Data block:
▬▬▬▬▬▬▬▬▬▬

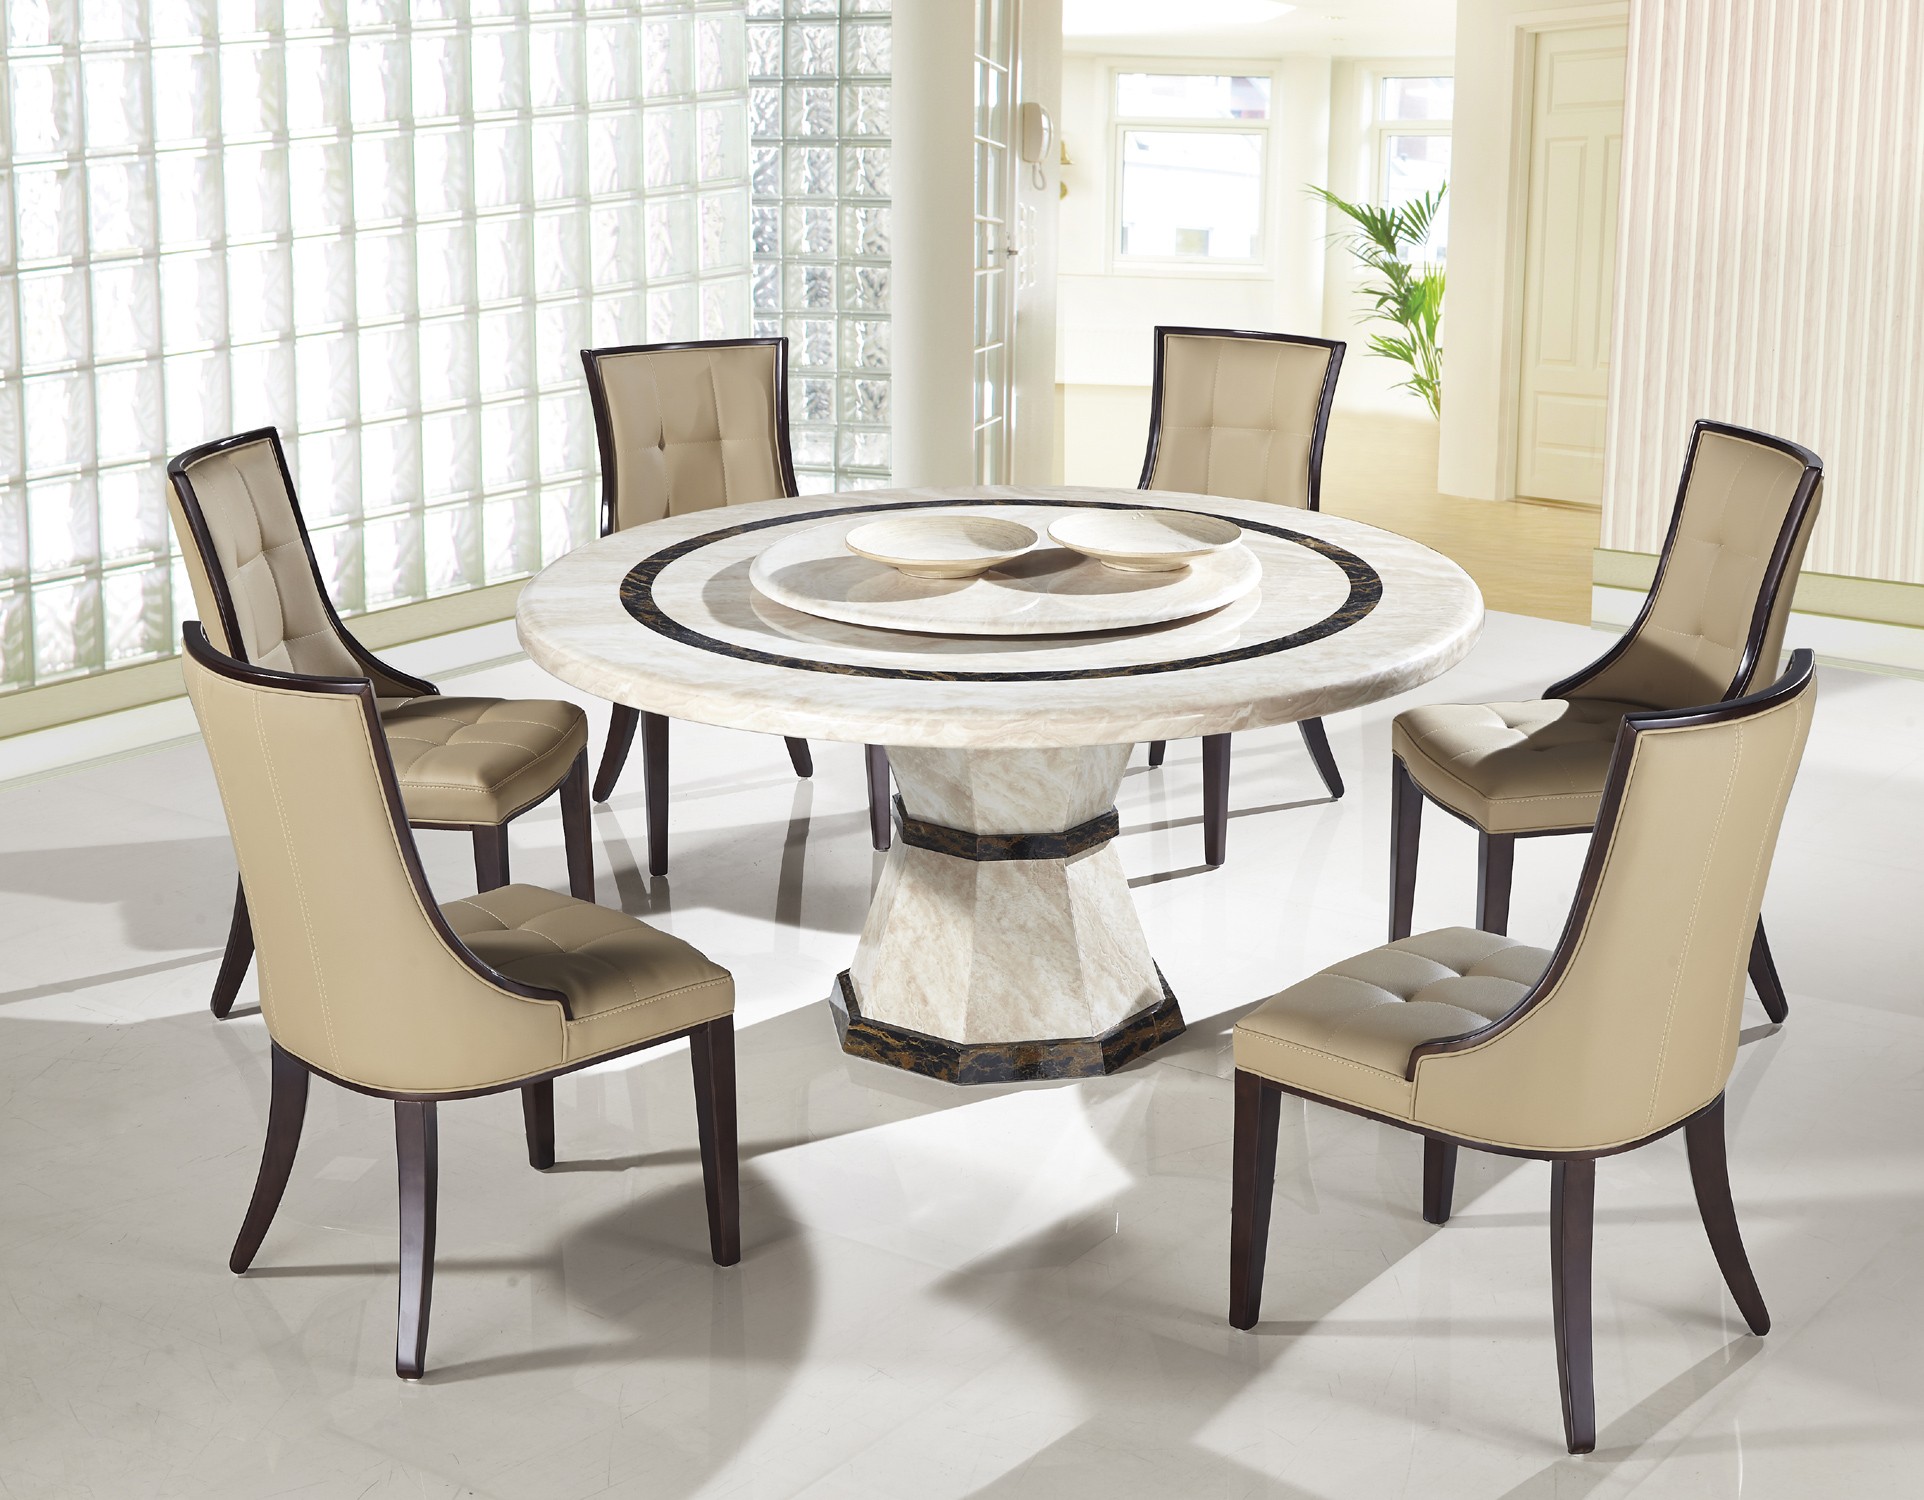 Contemporary Round Dining Room Table Sets
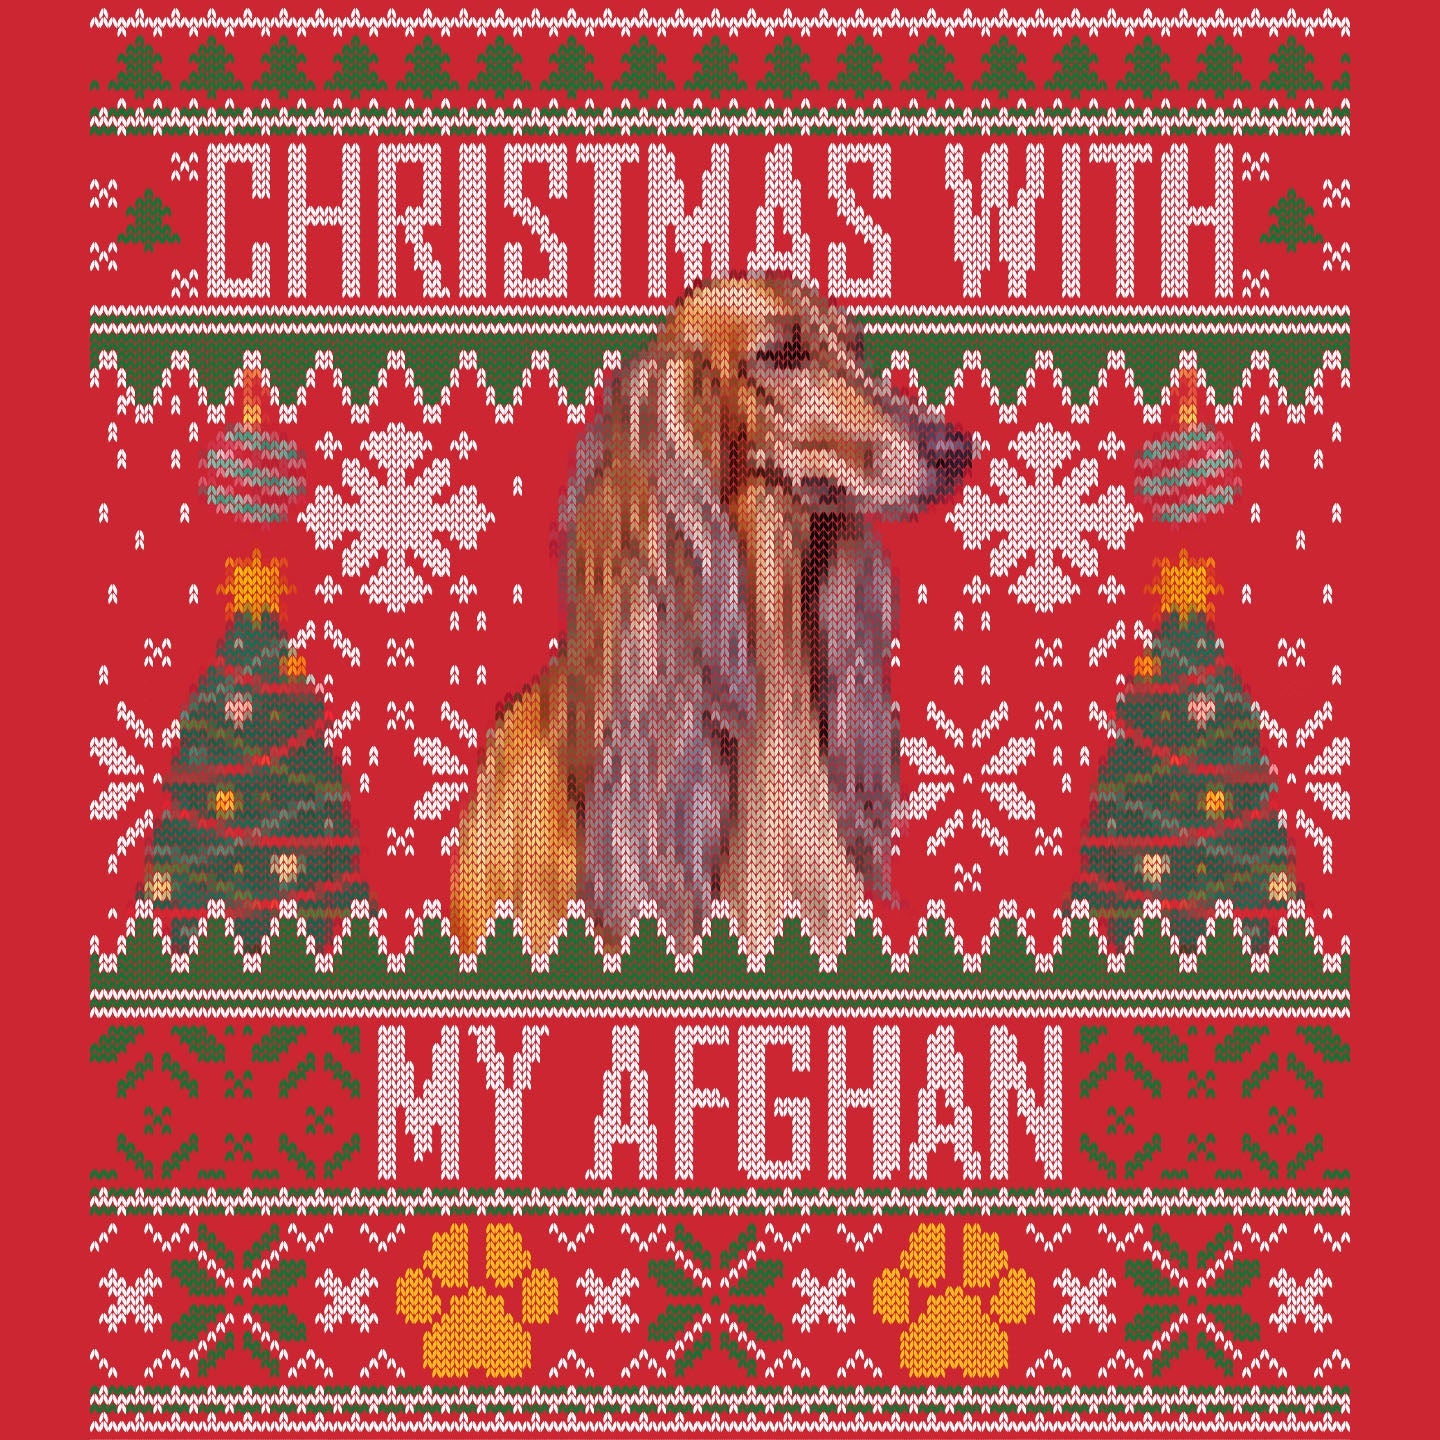 Ugly Sweater Christmas with My Afghan Hound - Adult Unisex Long Sleeve T-Shirt
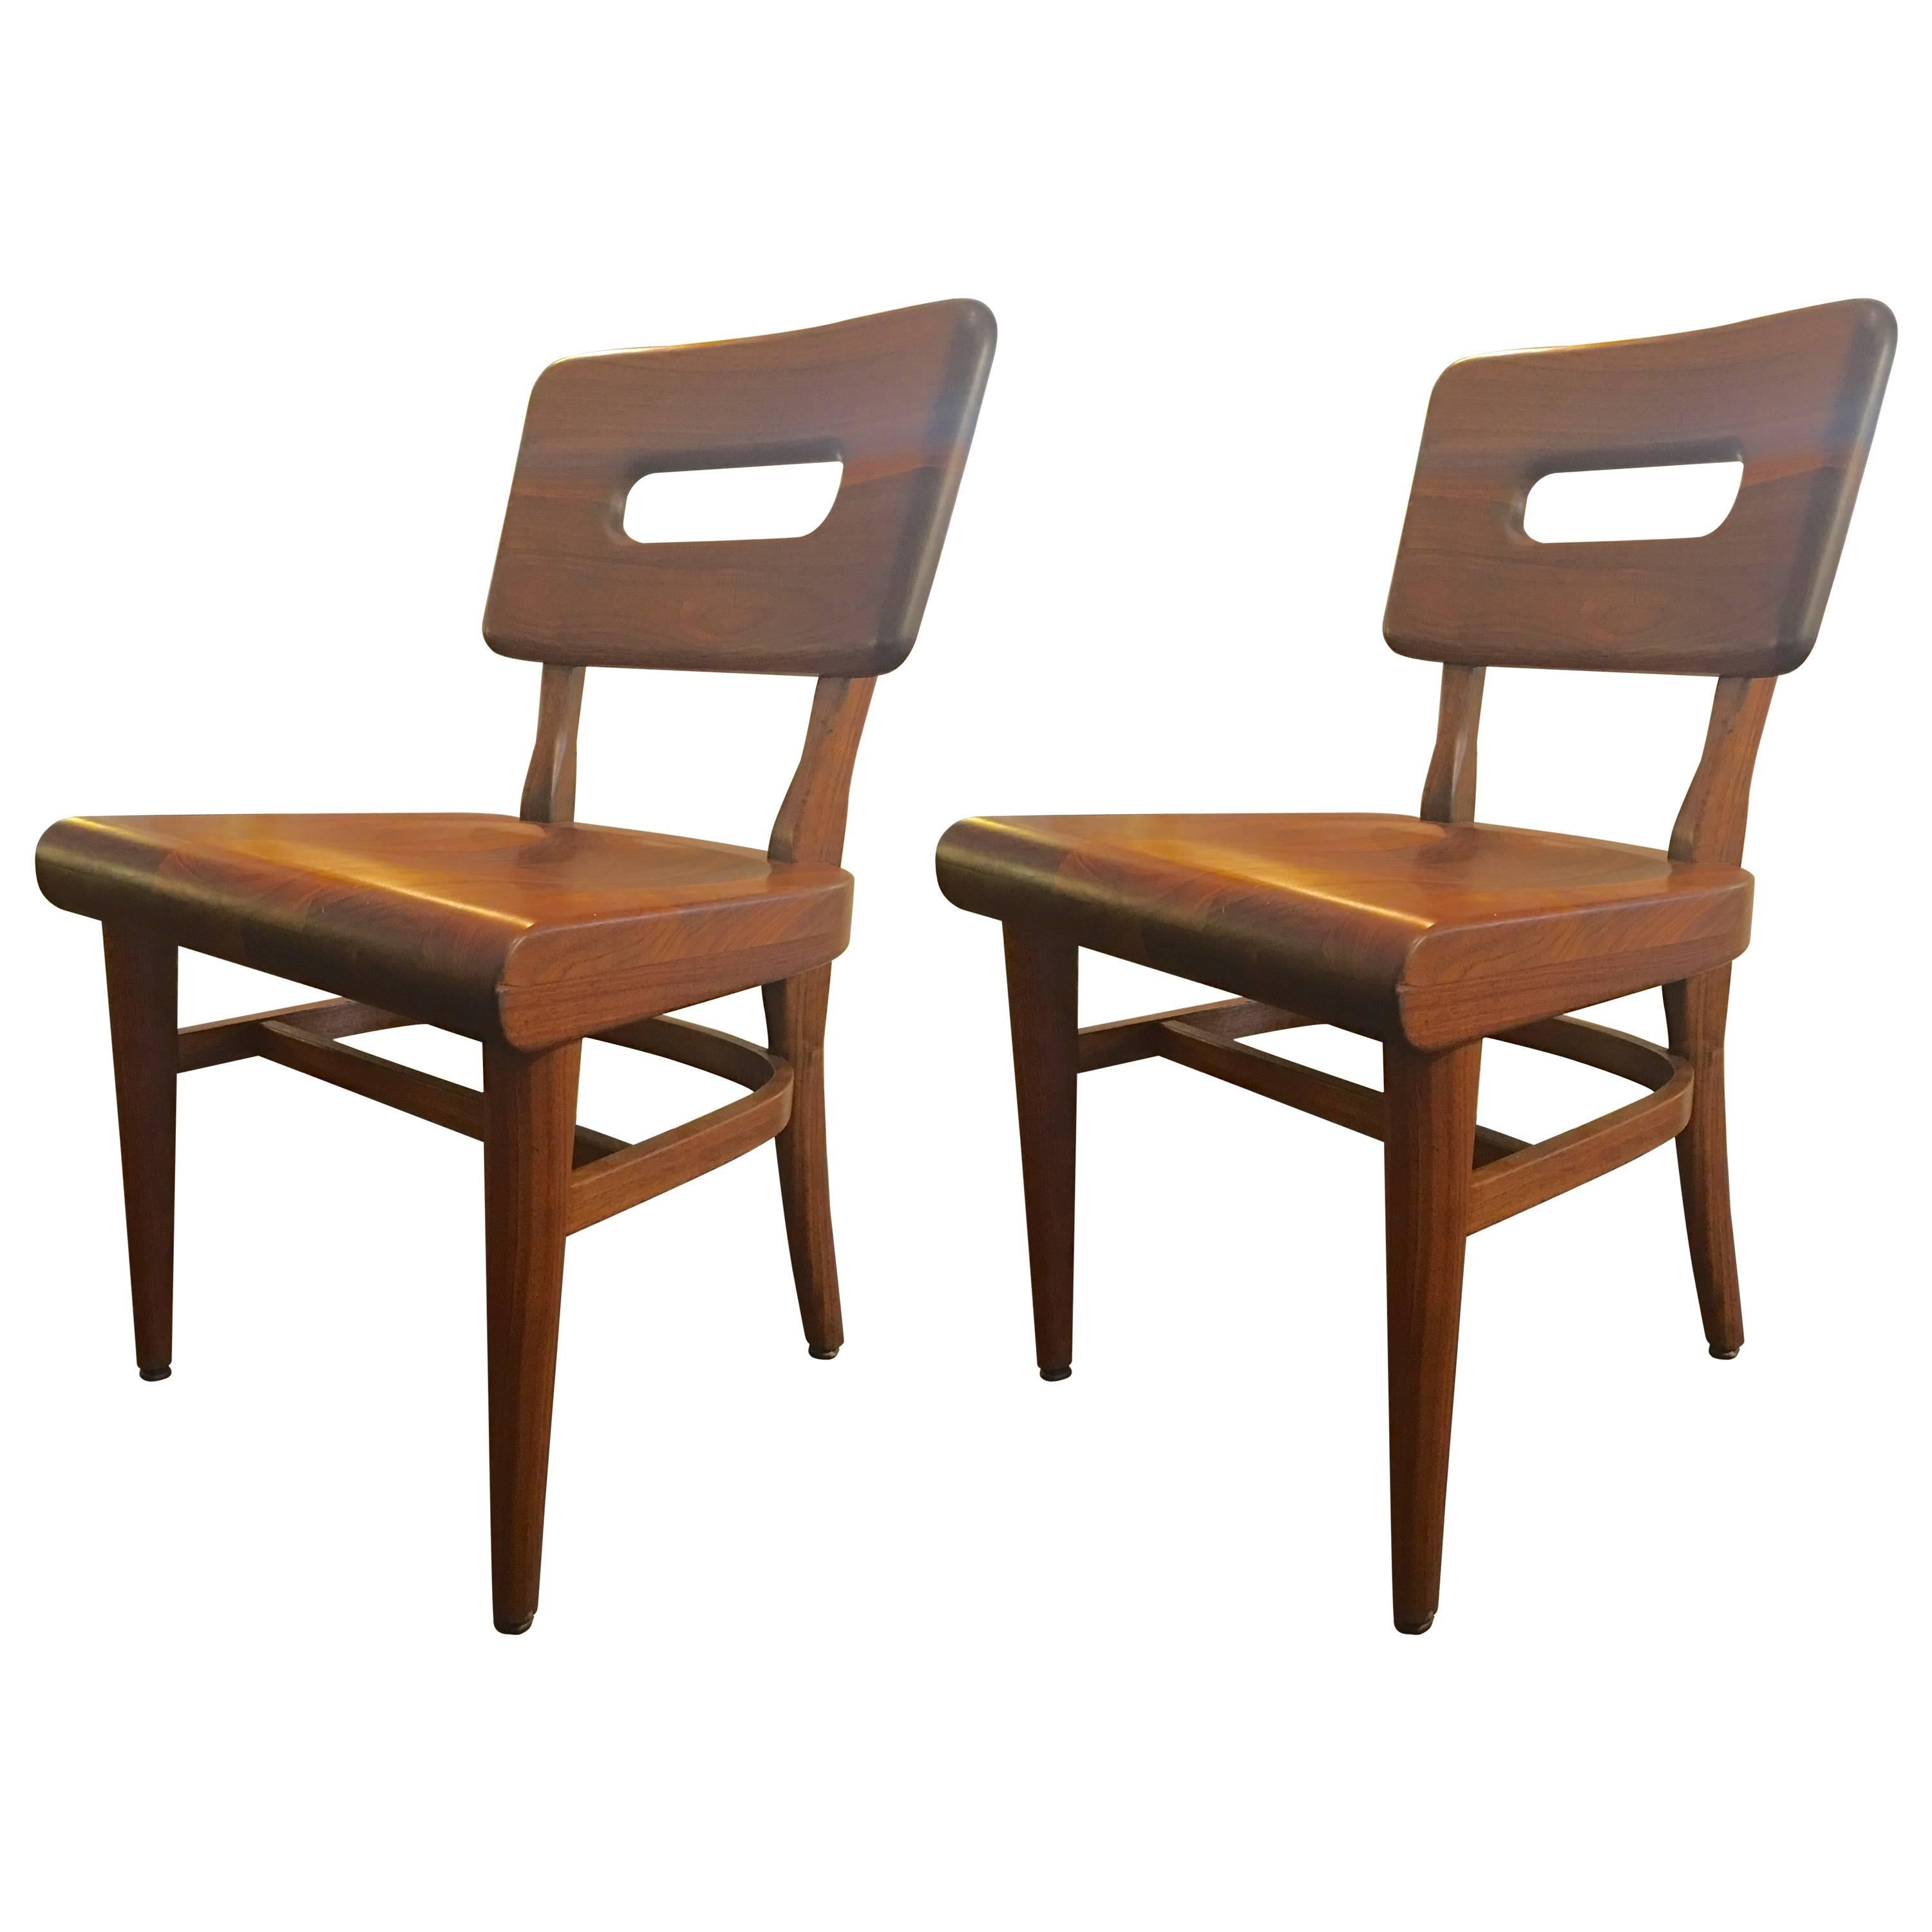 Pair of Wood Chairs by W H Gunlocke For Sale

▬▬▬▬▬▬▬▬▬▬

Problem: Drop the images and repeat the data exactly.

Exercise solution:
 Contemporary Round Dining Room Table Sets
 Ugly Sweater Christmas with My Afghan Hound - Adult Unisex Long Sleeve T-Shirt
 Pair of Wood Chairs by W H Gunlocke For Sale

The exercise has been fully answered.